A recently published decision analytic model has also concluded that empirical therapy should be considered as first-line therapy for patients suspected of having GERD.42 The approach of these authors differed from ours: they used a threshold model and not a cost-utility model; sequential drug therapy was not modeled; utilities were not considered in the modeling; uncertainty about the diagnosis of GERD was explicitly modeled; and GERD was modeled as one disease entity in contrast to our approach using 4 clinical states. Our approach helps us to better understand the role of quality of life and the consequences of a full spectrum of disease states underlying GERD on decision making. In addition, our model provides a framework that is usable by policy makers.

As with other decision analytic models, several cautions are warranted. First, this model provides guidance for patients with uncomplicated heartburn; individuals with concomitant weight loss or dysphagia might be harboring a malignant process and, as such, should be investigated vigorously from the onset. Second, we limited the time frame of the model to 2 years; it is plausible that with a longer follow-up period, the initial investment of a diagnostic test would be diluted amid all other medication and physician costs. Third, estimates of efficacy were derived from randomized clinical trial data. To the extent that patients in the community are not compliant, the efficacy estimates would be overestimated; however, we do not expect a substantial impact of noncompliance on the model results as both a proton pump inhibitor and a histamine2-receptor antagonist generally are well tolerated. Furthermore, it is unlikely that compliance differences between either drug would be substantial owing to their comparable safety and tolerability profile.

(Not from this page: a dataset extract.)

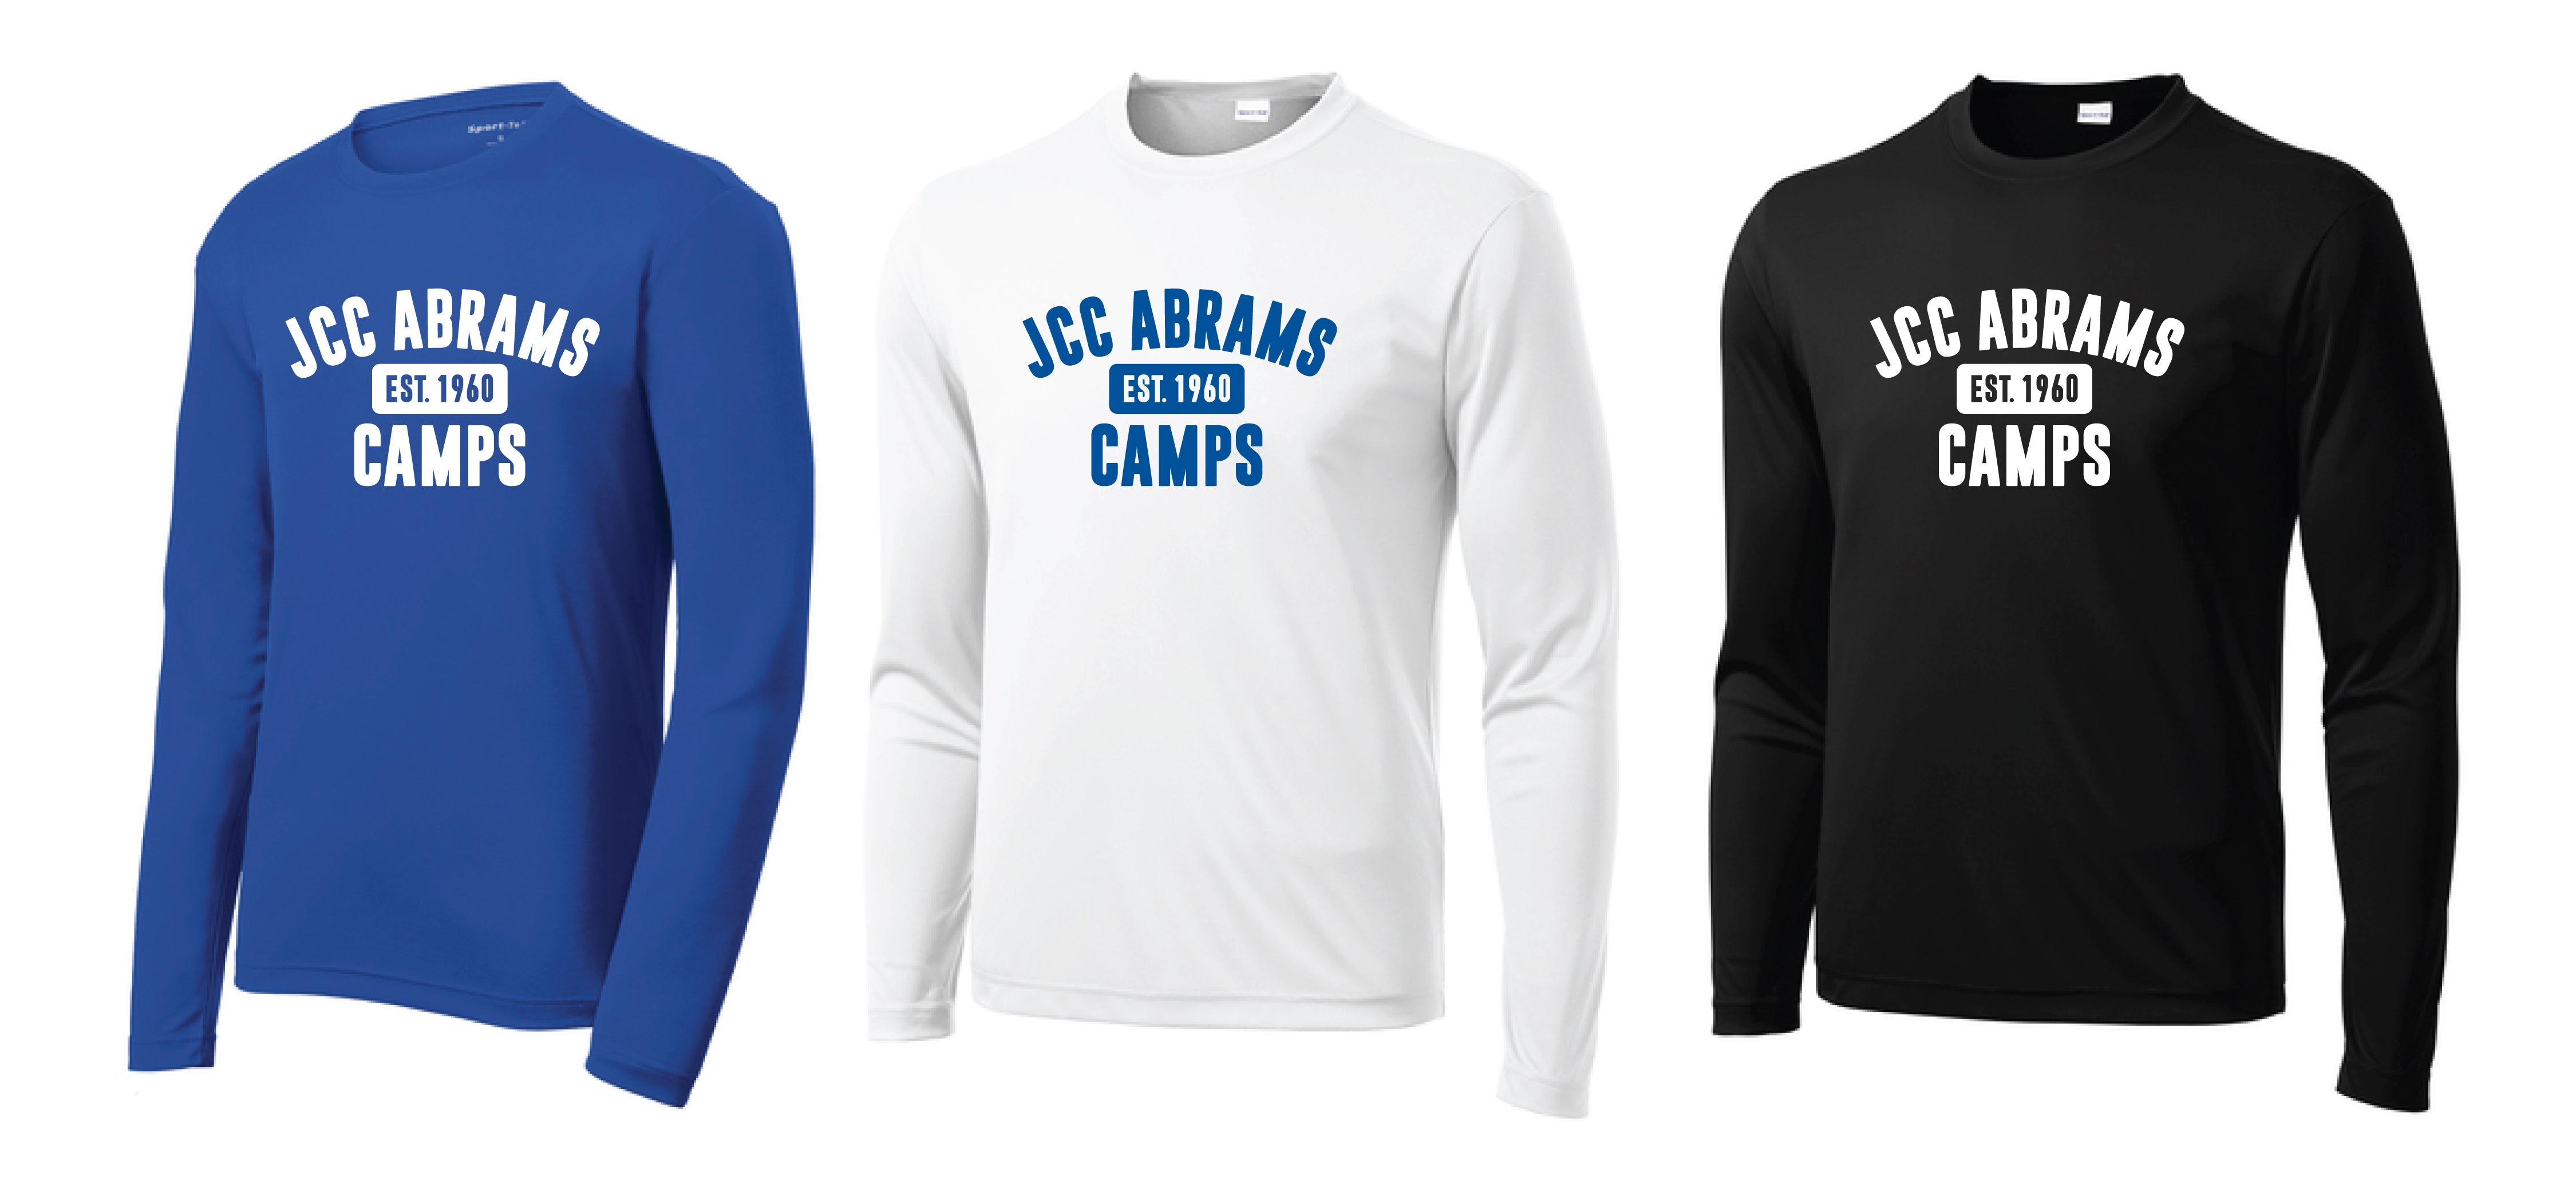 Long Sleeve Performance Shirt - Adult Unisex and Youth

In summary, faced with a patient with heartburn, the clinician should consider the following issues. First, refrain from using a diagnostic test first unless the patient has worrisome symptoms. Second, gauge the impact of heartburn on quality of life: for patients with severe symptoms that affect daily living, the initial use of a proton pump inhibitor seems rational. For individuals with either intermittent or mild to moderate symptoms, the use of a histamine2-receptor antagonist would result in significant savings. Organizations that are high-volume purchasers might find the histamine2-receptor antagonist attractive as a result of the current price differential compared with a proton pump inhibitor.